A core of fresh bovine vitreous is carefully removed with a trephine and injected with PBS (sham), purified trypsin, trypsin (TRYP) plus mimics , or mimics alone. The mimics were designed to bind hyaluronan (GAH), collagen type II (WYR) or both hyaluronan and collagen type II (WYR/GAH). Samples are incubated at 4 degree overnight and their viscoelastic properties measured using a rheometer. Morphological analysis is performed by deep-etch electron microscopy (DEEM).
Trypsin-treated vitreous had a significant, 50% decrease in storage modulus (stiffness) relative to untreated and PBS--sham samples.

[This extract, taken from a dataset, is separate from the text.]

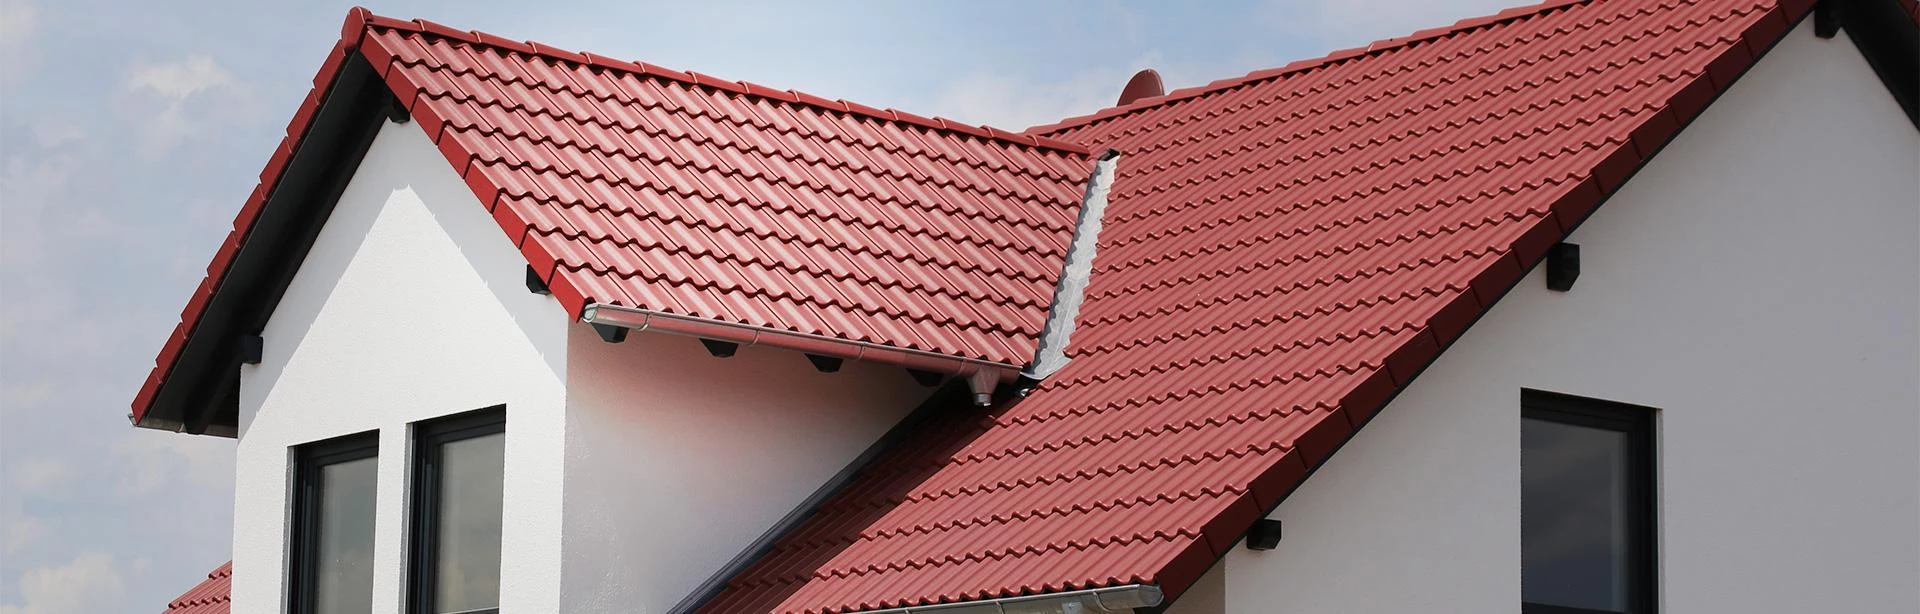 Dachy, pokrycia dachowe - usługi dekarskie | dolnośląskie

The stiffness of vitreous samples pre-treated with trypsin is completely restored by addition of each of the three proteoglycan mimics. Vitreous treated with proteoglycan mimics alone also shows a tendency toward increased storage modulus but this was not statistically significant (figure 1). In trypsin-treated vitreous DEEM showed thinner, more discontinuous fibrils, decreased “knobby” projections and increased open space. Analysis by DEEM of trypsin- and mimic-treated vitreous is in process.
Synthetic proteoglycan mimics restore the physical properties of degraded vitreous and may have clinical applications for prevention of age-related retinal damage. In vivo examination of the safety and stability the mimics in the vitreous is warranted.